Greenhouse first shared the history of another case that had generated “alarming consequences”–consequences that, in that case, led to a speedy reversal.

Because Jehovah’s Witnesses believe that saluting the flag or reciting the Pledge of Allegiance amounts to worshiping secular authority, they prohibit their school-age children from engaging in the practice. In 1940, with war raging in Europe and patriotic fervor rising at home, the Supreme Court ruled that the Constitution provided no religious exemption from what many public schools deemed an essential civic duty. The decision upheld a Pennsylvania school district’s expulsion of a Jehovah’s Witness brother and sister. A single member of the court dissented.

A mere three years later, even though the United States itself was now at war, the court reversed itself. In a new flag-salute case from West Virginia, three members of the original majority switched sides and two justices who had joined the court since 1940 voted with them. One of those two, Robert Jackson, wrote the new majority opinion, strategically avoiding the contested question of religion in favor of an eloquent defense of free speech.

“Compulsory unification of opinion achieves only the unanimity of the graveyard,” he wrote in West Virginia State Board of Education v. Barnette. 

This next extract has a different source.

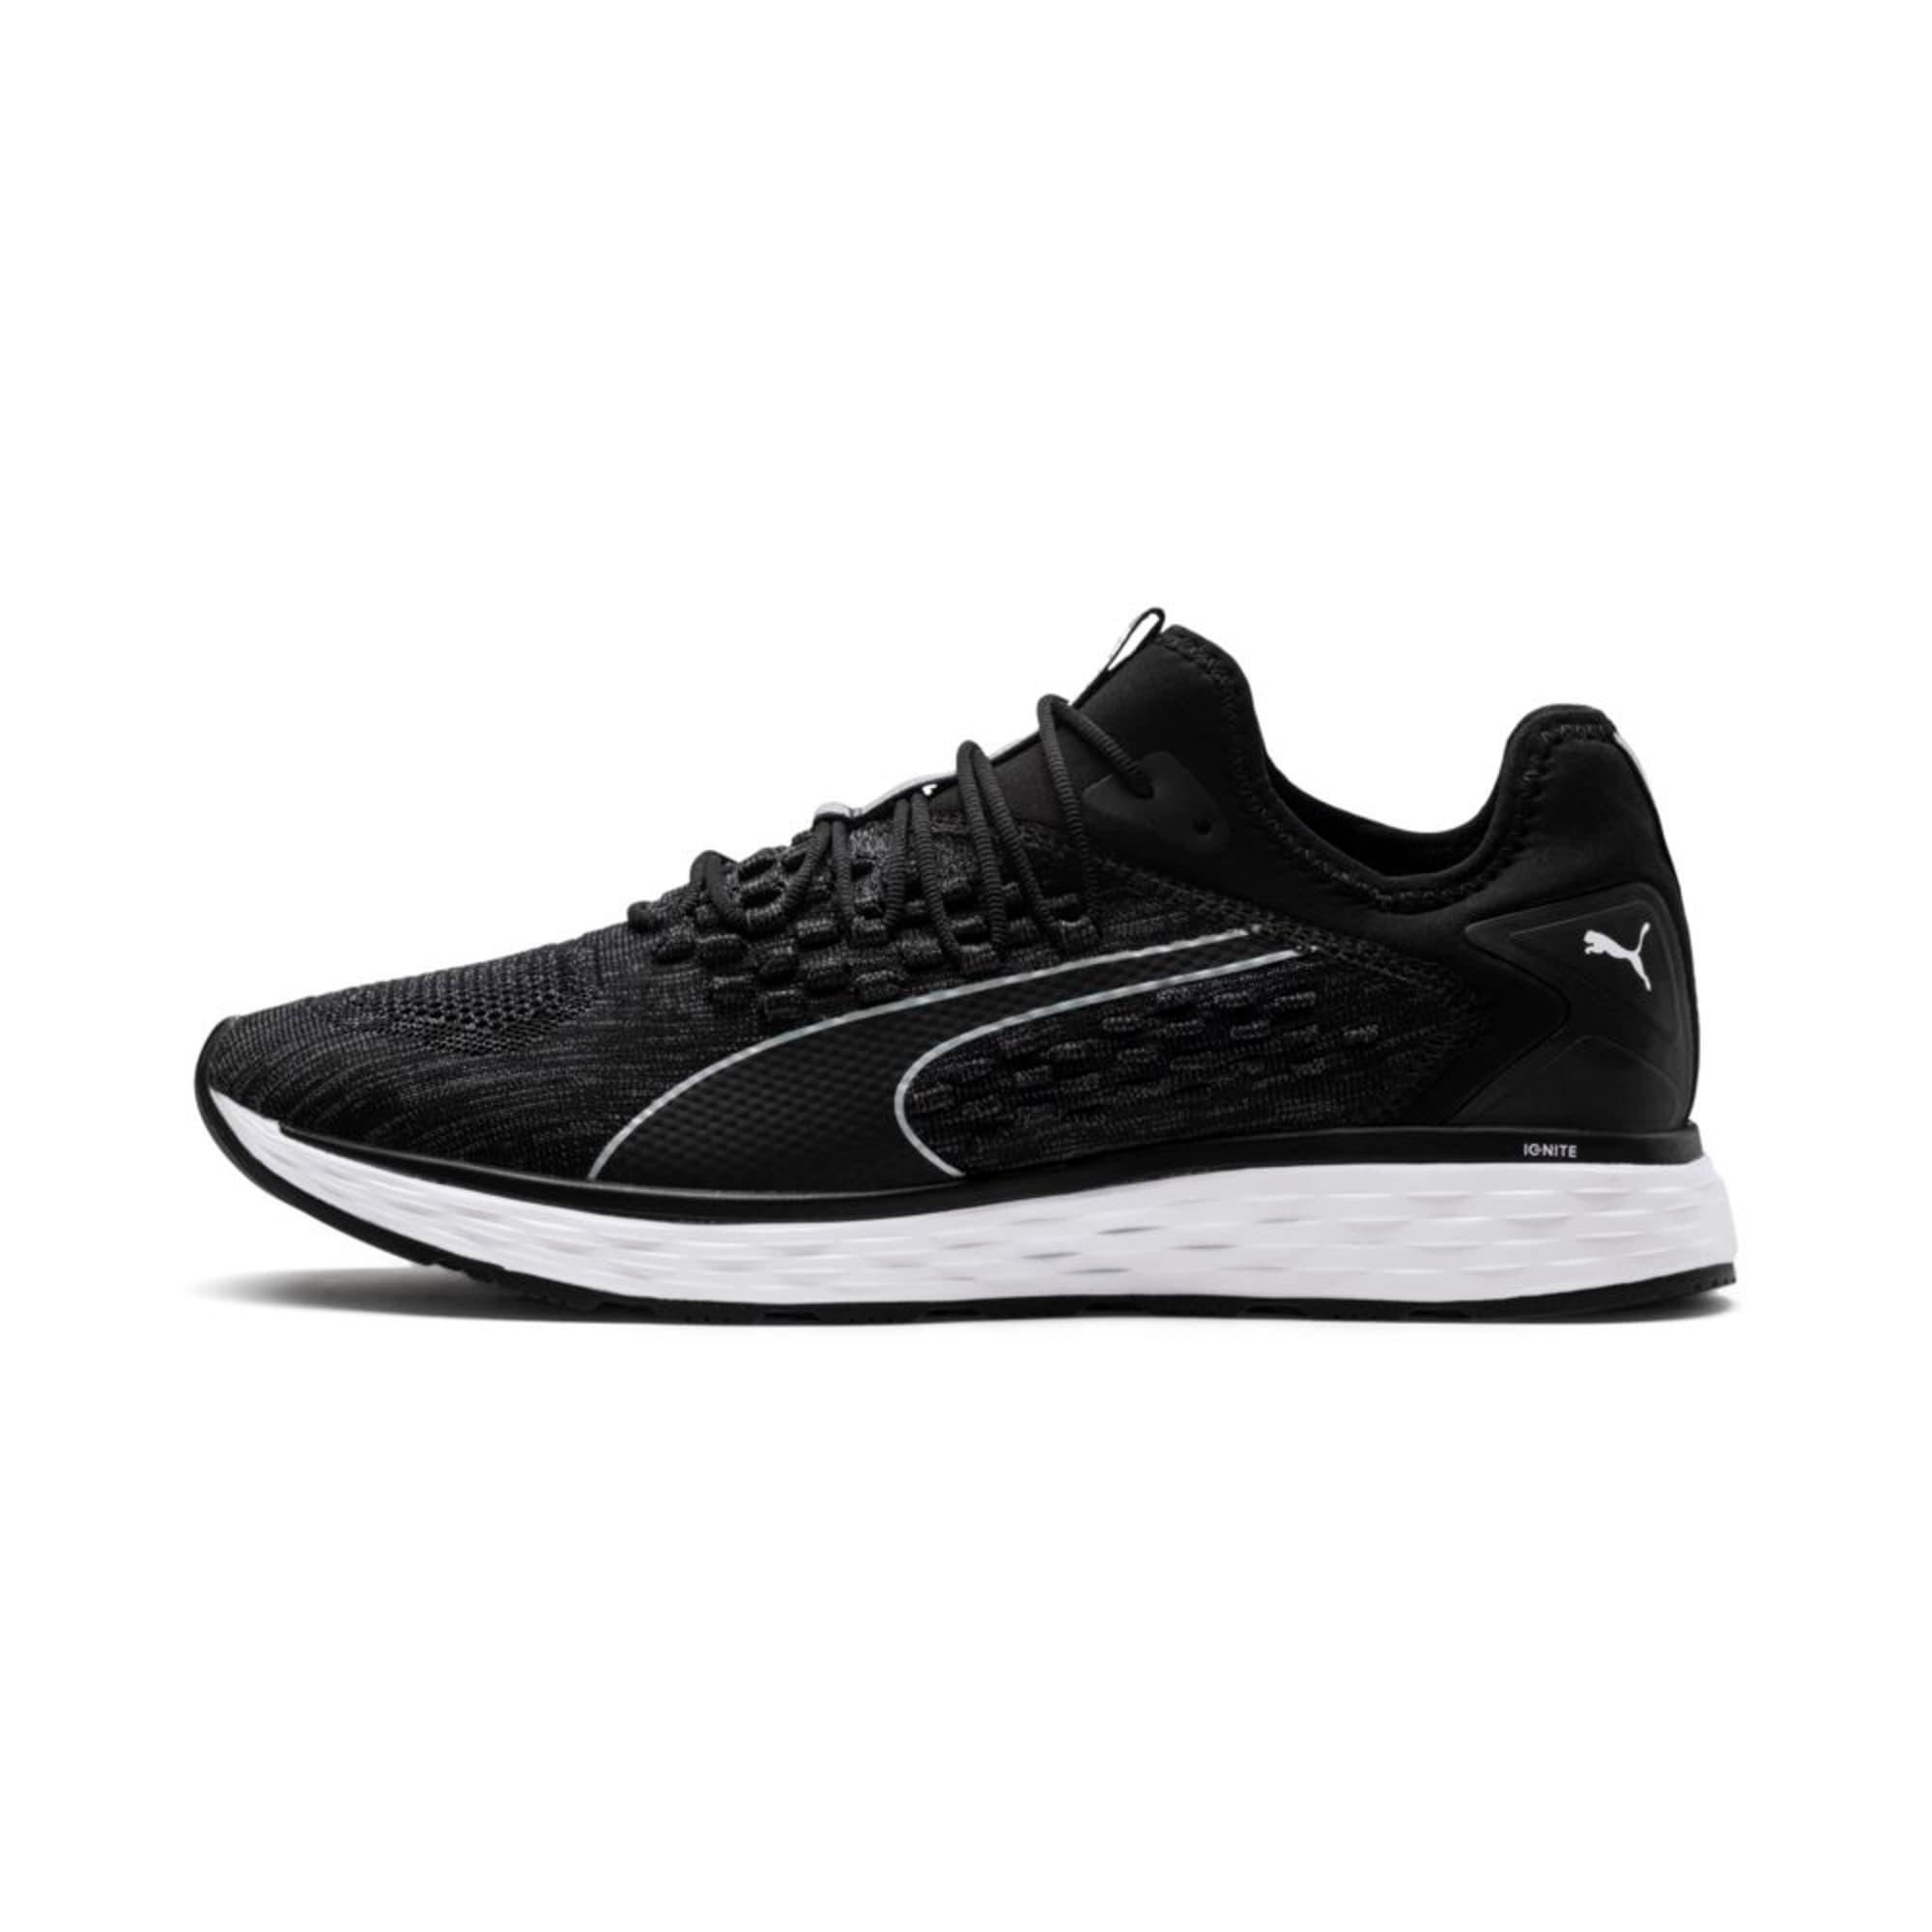 Thumbnail 1 of SPEED FUSEFIT Men's Running Shoes, Puma Black-Iron Gate, medium-IND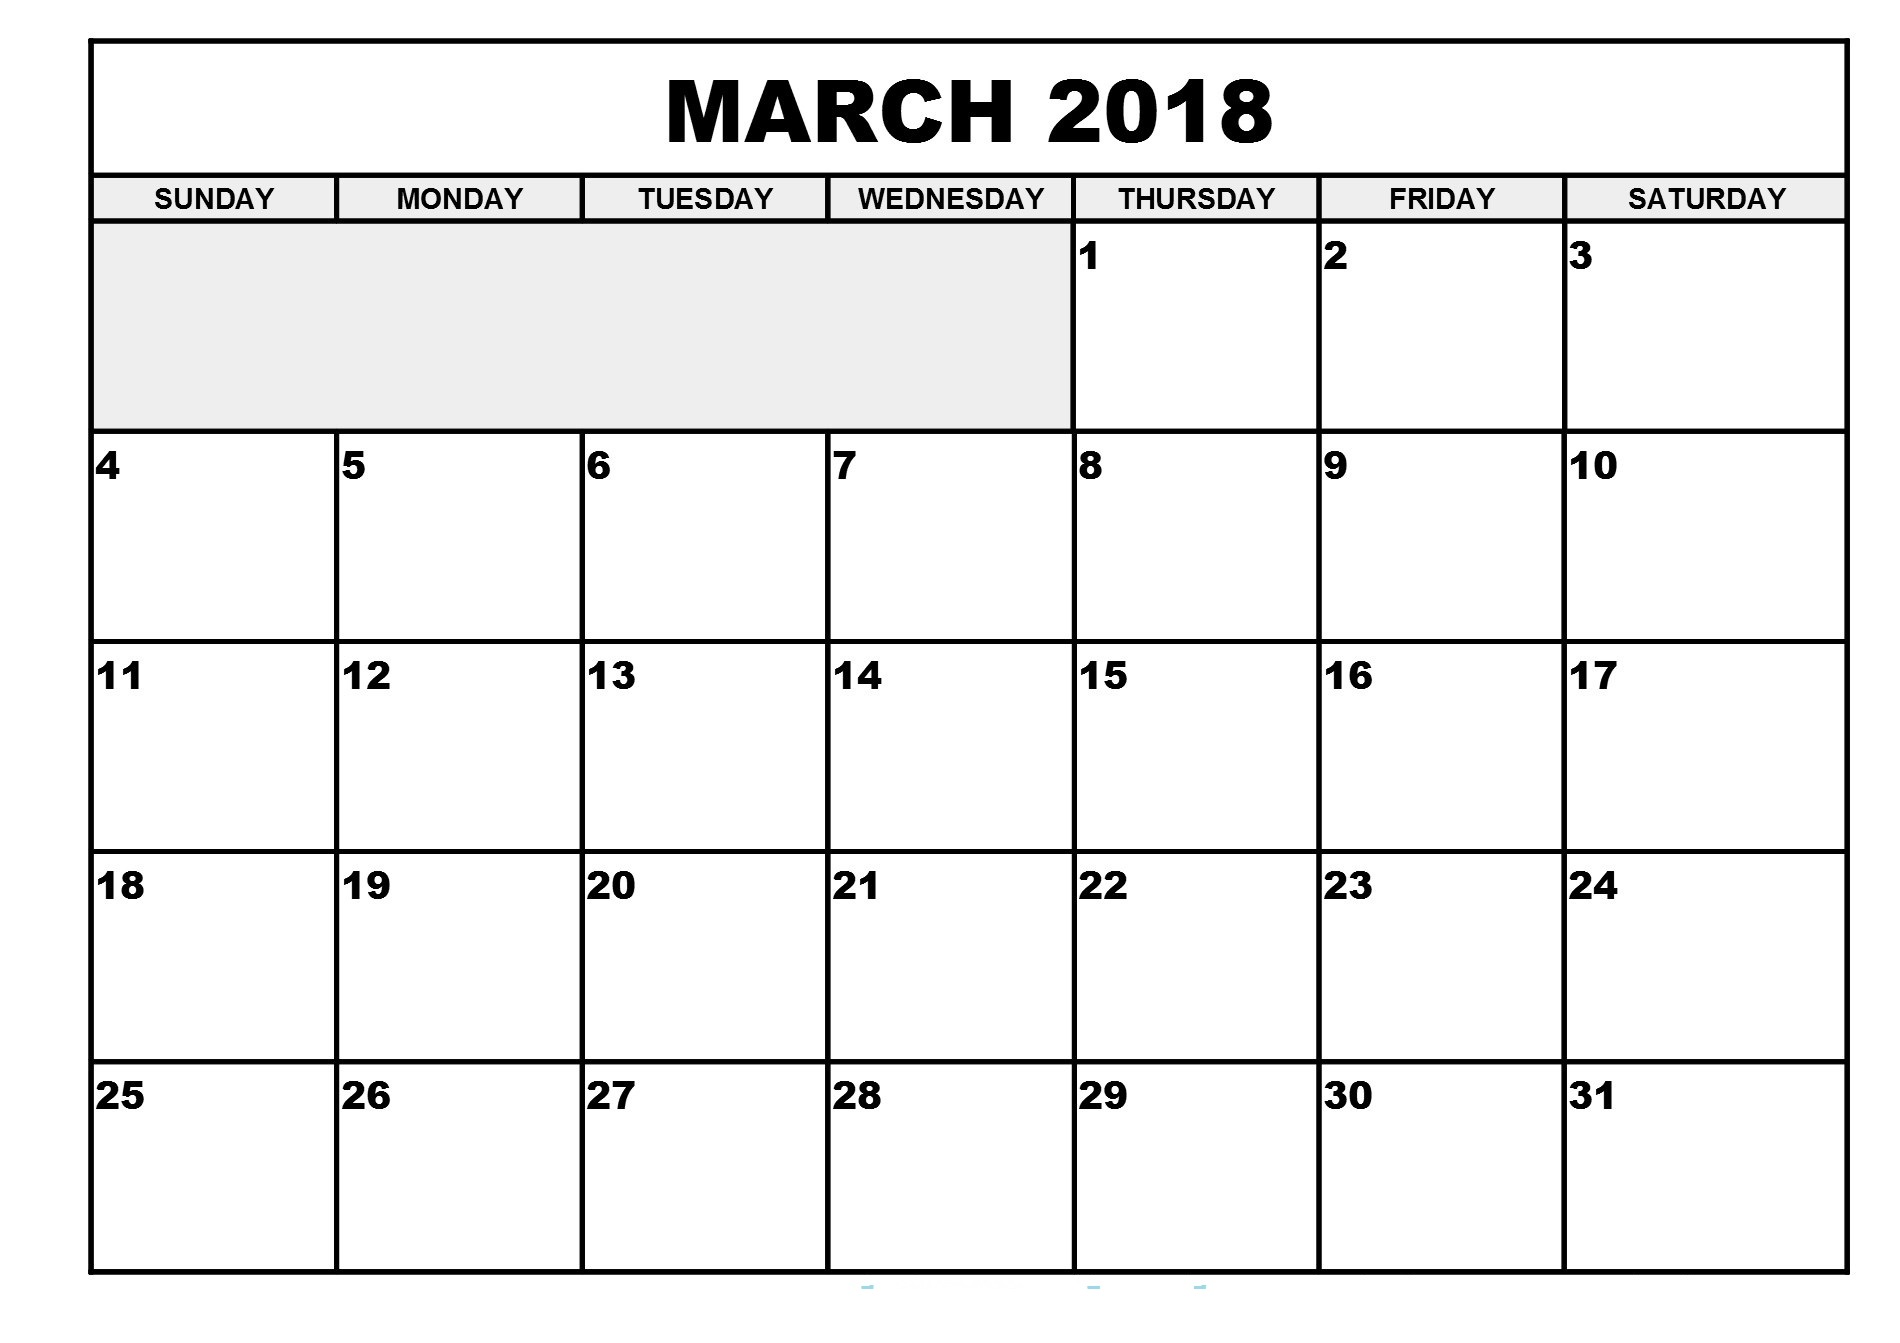 Free March 2018 printable calendar download

The first decision, in Minersville School District v. Gobitis, had unleashed a wave of violence against Jehovah’s Witnesses: in the wake of a ruling that many saw as evidence that Witnesses were anti-American, mobs attacked individuals and destroyed their churches. Some 2,000 Witness children were thrown out of school, and some of their parents were criminally prosecuted.

Greenhouse then  enumerated some of the dire medical consequences of Dobbs, and then asked her question:

A year after sowing so much chaos and misery, are any of the five members in Justice Samuel Alito’s Dobbs majority sorry? Even a little? I’m not so naïve as to think there is even a slim chance they would reverse themselves. I just wonder whether they feel even a twinge of regret.

As she points out, the immense harm to women couldn’t have come as a surprise. “Valuing fetal life over the lives of women and girls was no doubt a feature, not a bug, in the majority’s view; that was, after all, the point of Dobbs.”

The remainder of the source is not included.